Fig. 1: Downcore distribution of radiocarbon ages and Zoophycos spreiten.
figure 1

a Radiocarbon ages of PI_1 (pristine = red), PI_2 (visually free of overgrowth = orange), and PI_3 (with overgrowth = blue) of giant box core PS72/413-3 plotted on top of the core photo for comparison with the distribution of Zoophycos (Z) and other trace fossils. Arrows indicate that radiocarbon ages are older than 39 ky. Tentative stratigraphy based on sedimentology, color, bioturbation and radiocarbon ages. b Schematic illustration of the construction of the Zoophycos trace fossil. Detritus (e.g., foraminifera) is collected on the sediment surface and stored deep in the sediment cf.7.

Fig. 2: Radiographs showing the distribution of Zoophycos spreiten.
figure 2

Radiographs showing the uppermost 35 cm of gravity cores PS72/413-5 (a) and PS2185-6 (b) with the positions of Zoophycos spreiten marked. Abundant Zoophycos occurrences are focused to a depth interval from slightly below 10 cm down to roughly 25 cm, corresponding to the typical burrowing depth of 10–20 cm by the causative organism, although considerably deeper reaching Zoophycos have been observed2,7. Radiographs8,9 obtained from the open access library12 at www.pangaea.de.

Fig. 3: Close-up of Zoophycos spreiten.
figure 3

a Radiograph showing a close-up of the interval 20-25 cm in core PS72/413-5. The abundant Zoophycos spreiten in this interval would make it virtually impossible to sample unaffected foraminifera. b Same interval but with Zoophycos spreiten traced out for better clarity. Radiographs13 obtained from the open access library12 at www.pangaea.de.

Thus, before the presence of a widespread hiatus during MIS 2 in the Arctic Ocean can be dismissed, detailed studies on the possible influence of deep-reaching trace fossils must be conducted. Because of the large heterogeneity of bioturbation in marine sediments10, the most straightforward way to test the two hypotheses would be to sample foraminifera directly from the sediment slabs used for the production of the radiographs. In this way, the radiocarbon ages of foraminifera of ambient sediment and Zoophycos spreiten can be directly compared11.

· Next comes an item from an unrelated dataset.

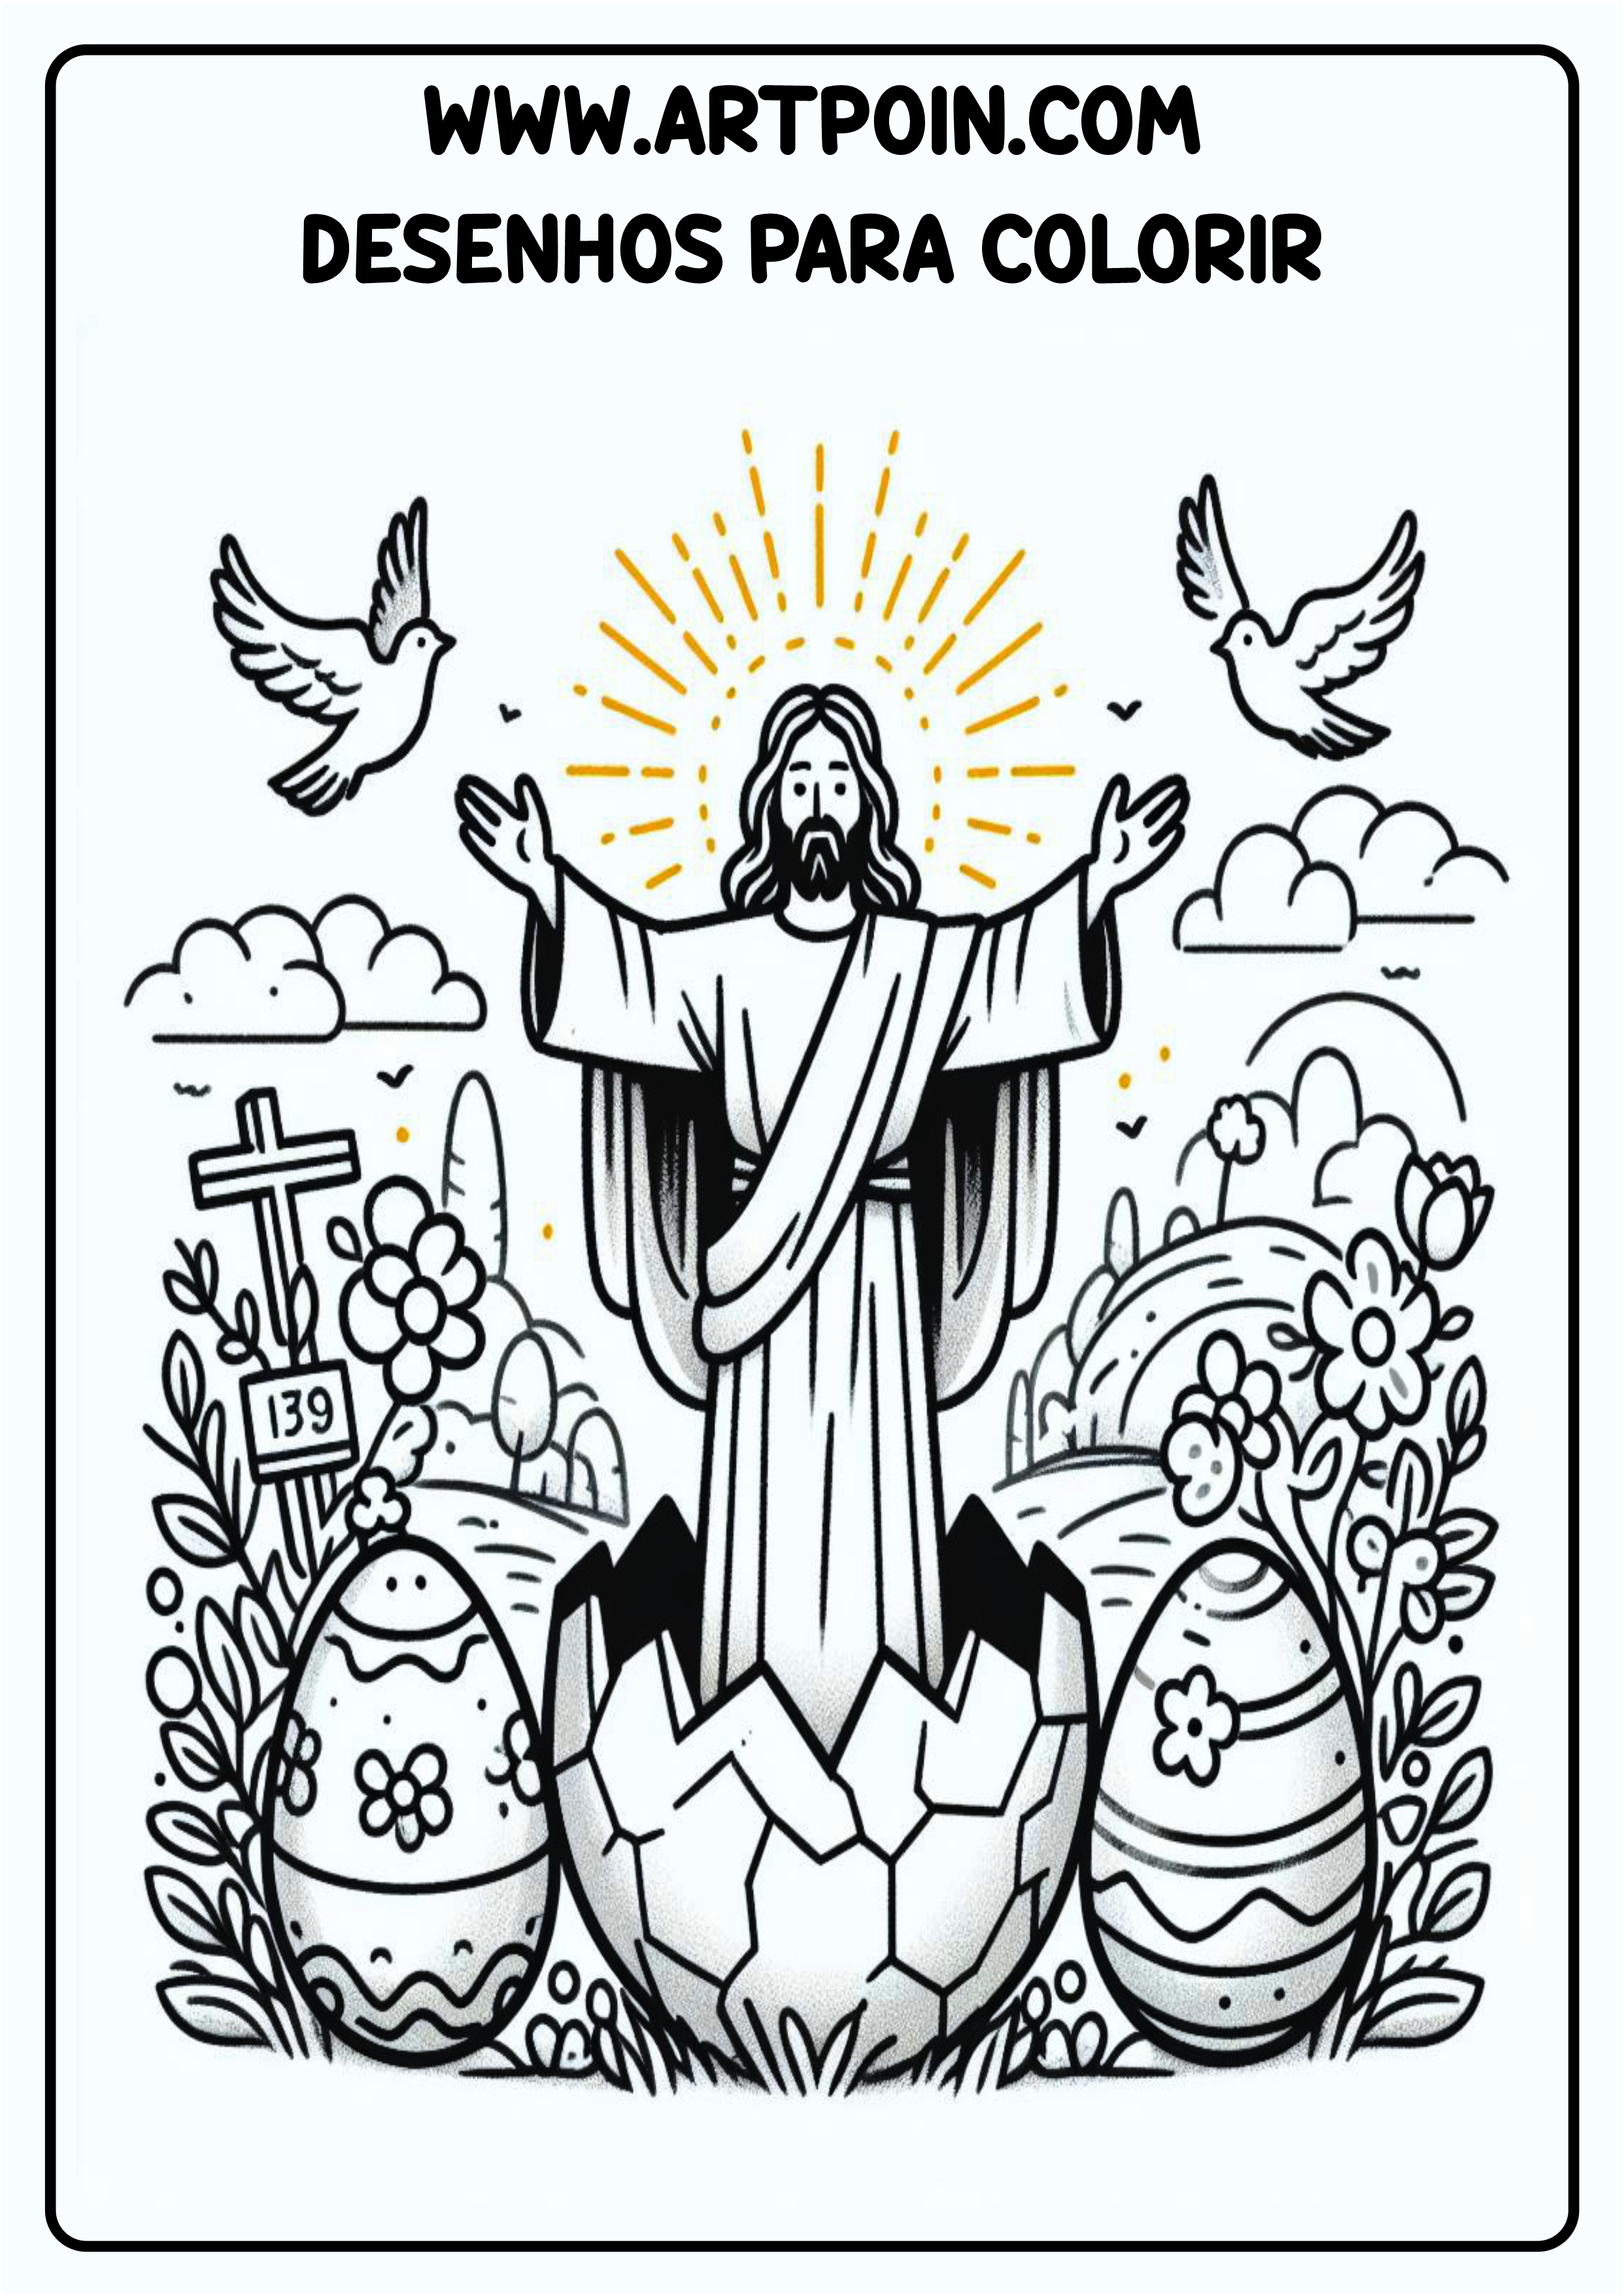 Desenho para colorir Jesus Ressuscitou na páscoa atividade para criança igreja png coloring page easter

The piping down of younger material from higher stratigraphic levels also poses a general problem for paleoceanographic studies in the Arctic Ocean. Because of the ubiquitous occurrence of authigenic calcite, the few foraminifera without visible overgrowth would be preferentially selected when tests are picked out under the microscope. As a result, we would expect a strong bias towards foraminifera actually originating from a stratigraphically much higher position.

Because of the usually low color contrast to ambient sediment, Zoophycos spreiten, and other trace fossils are often overlooked in core descriptions. The most efficient way to assess the extent of bioturbation and trace fossils in marine sediments is through radiographs. We therefore strongly recommend that radiographs are routinely made from all sediment cores used for paleoceanographic purposes and that the radiographs are evaluated for the presence of deep-reaching burrows such as Zoophycos.

To summarize, authigenic calcite causes large age offsets in Arctic Ocean chronostratigraphies based on radiocarbon dating. In order to assess the true size of these offsets, deep-reaching bioturbation must be taken into consideration.